Análise de um empate que revela mais sobre o desempenho das seleções do que o placar sugere.

Brasil empata com Marrocos em jogo decisivo

Análise · Marcos Tibúrcio

Há empates que mentem e empates que contam a verdade. O 1 a 1 entre Brasil e Marrocos na estreia desta Copa, disputada em solo norte-americano, pertence à segunda categoria. O placar é simpático demais para o que aconteceu em campo.

A imprensa internacional não teve a delicadeza de dissimular. Os principais jornais estrangeiros elogiaram Marrocos pelo domínio de bola — não o Brasil, a seleção que chega a cada Copa carregando o peso de ser favorita antes mesmo do apito inicial. Os marroquinos jogaram. O Brasil, em algum momento do primeiro tempo, parece ter preferido observar.

Vini Jr. recebeu o adjetivo que os jornais de fora reservam para os momentos em que não sabem exatamente o que viram: "mágico". É um elogio e uma armadilha. Quando um jogador é chamado de mágico, o subtexto é que o entorno não acompanha. A magia vive do contraste com o ordinário. E o ordinário, nessa estreia, ficou com o verde e amarelo.

Não se trata de catastrofismo. Uma Copa do Mundo é longa, e estreias com tropeço já produziram campeões — a história do torneio está cheia deles. Mas o que a reação internacional revela é algo mais incômodo do que um resultado ruim: revela uma percepção. Marrocos, semifinalista em 2022 no Catar, chegou a essa Copa com credibilidade construída em campo, jogo a jogo. O Brasil chegou com reputação herdada, geração a geração. Há uma diferença entre as duas coisas, e em noites como essa ela aparece.

O domínio de bola não é detalhe tático. É argumento. Quem segura a bola diz ao adversário onde o jogo vai acontecer.

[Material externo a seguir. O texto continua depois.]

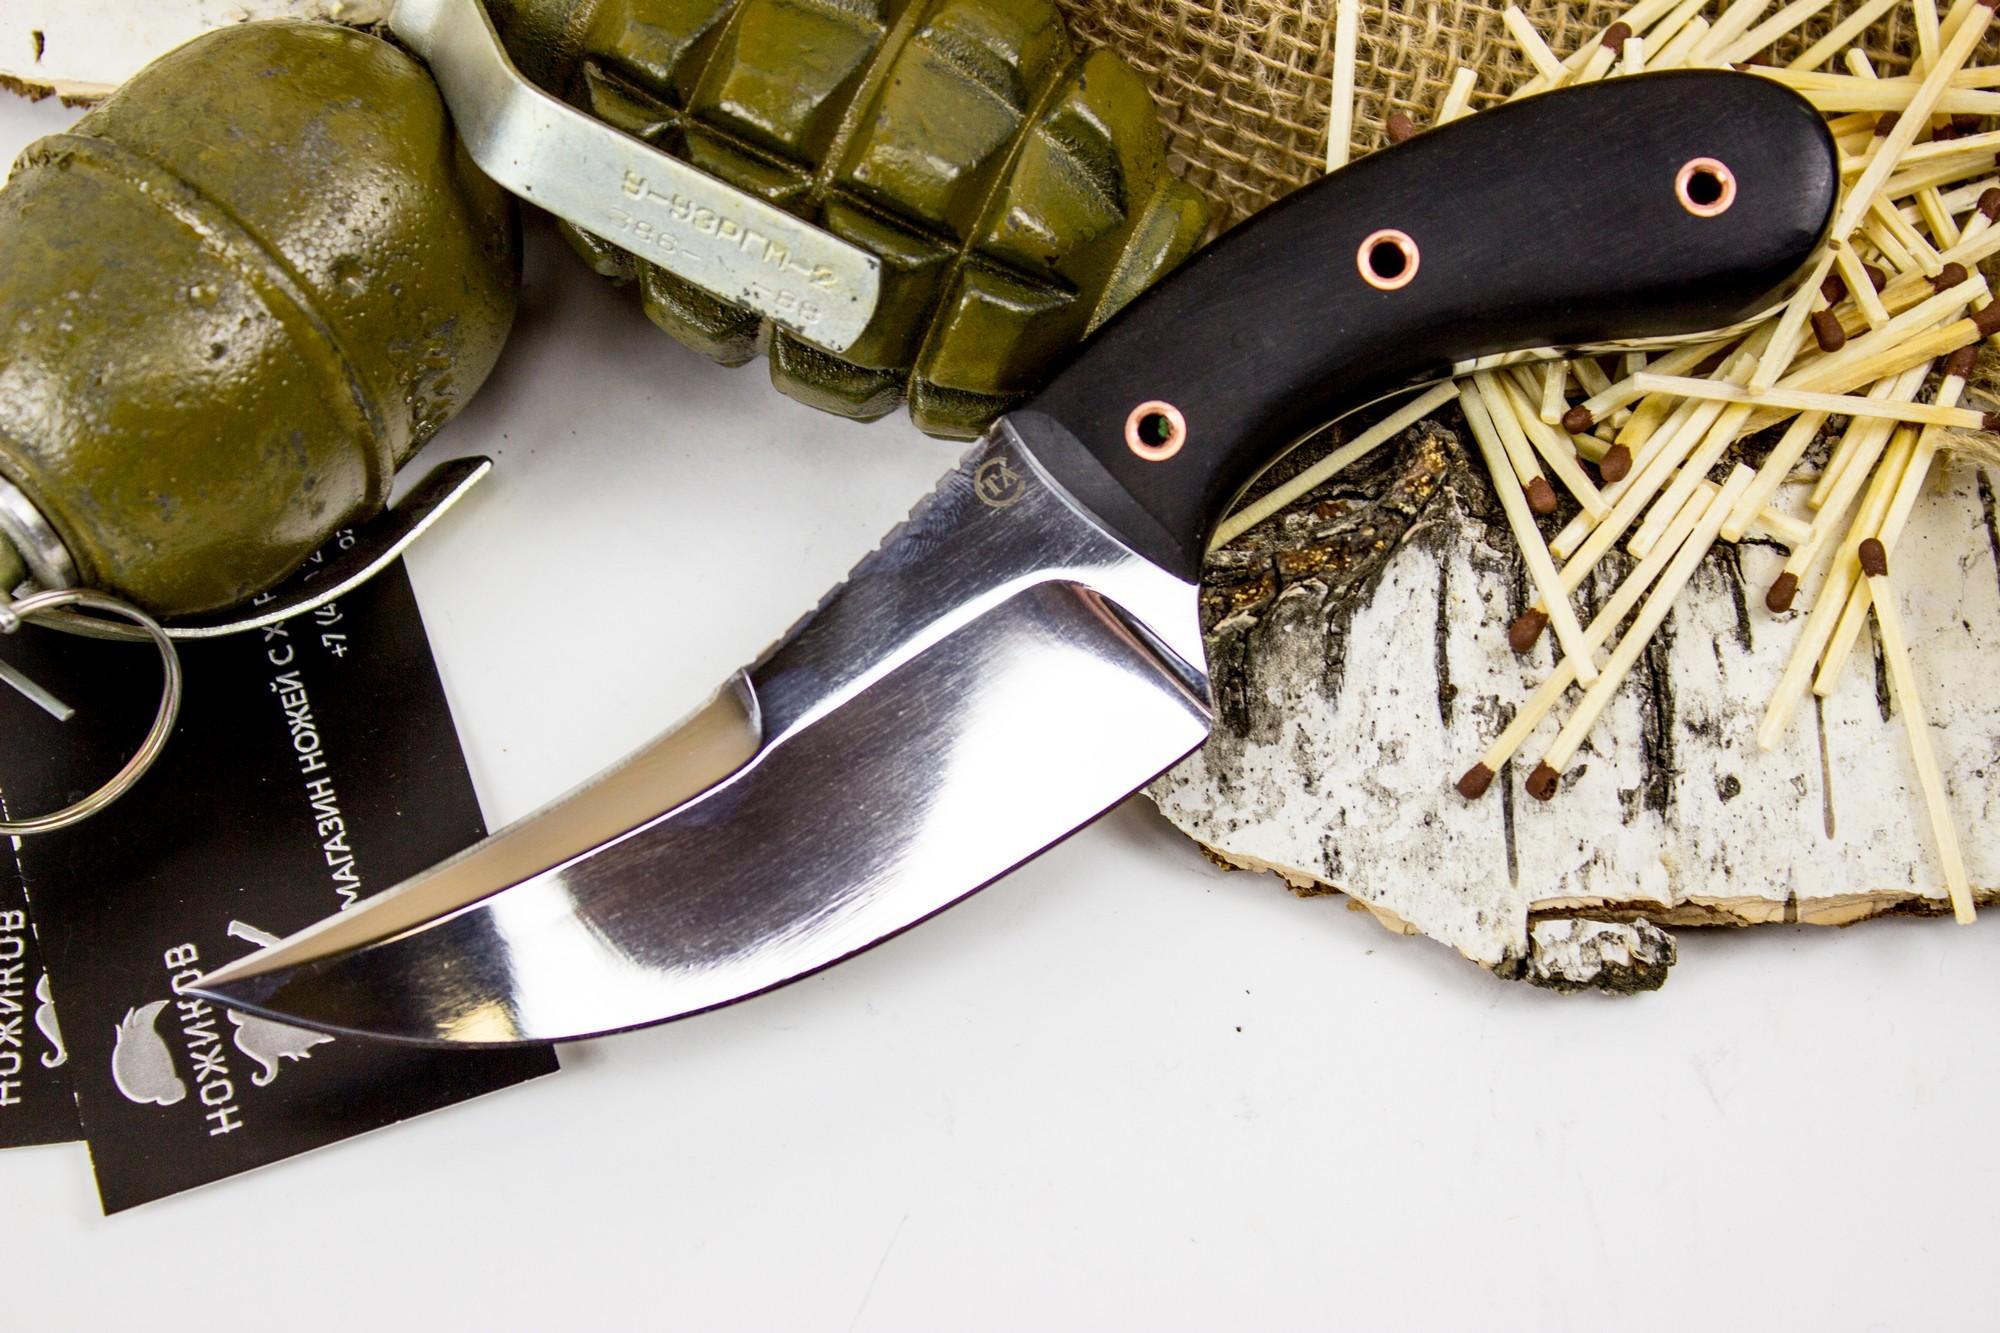 Нож Клык-1, сталь 95х18, дерево от Титов и Солдатова

Quando Marrocos manteve a posse com mais consistência do que a seleção brasileira, inverteu uma ordem que parecia natural. O Brasil costuma ser quem dita. Aqui, foi quem respondeu. E respondeu com um empate que a própria imprensa estrangeira tratou como resultado generoso.

O problema não é o 1 a 1. O problema é o que o 1 a 1 sugere sobre uma equipe que ainda não encontrou sua forma — ou que, pior, acredita já tê-la encontrado. Há seleções que chegam a uma Copa em construção e há seleções que chegam convictas de uma grandeza que o campo ainda não confirmou. A segunda postura é mais perigosa, porque não faz perguntas.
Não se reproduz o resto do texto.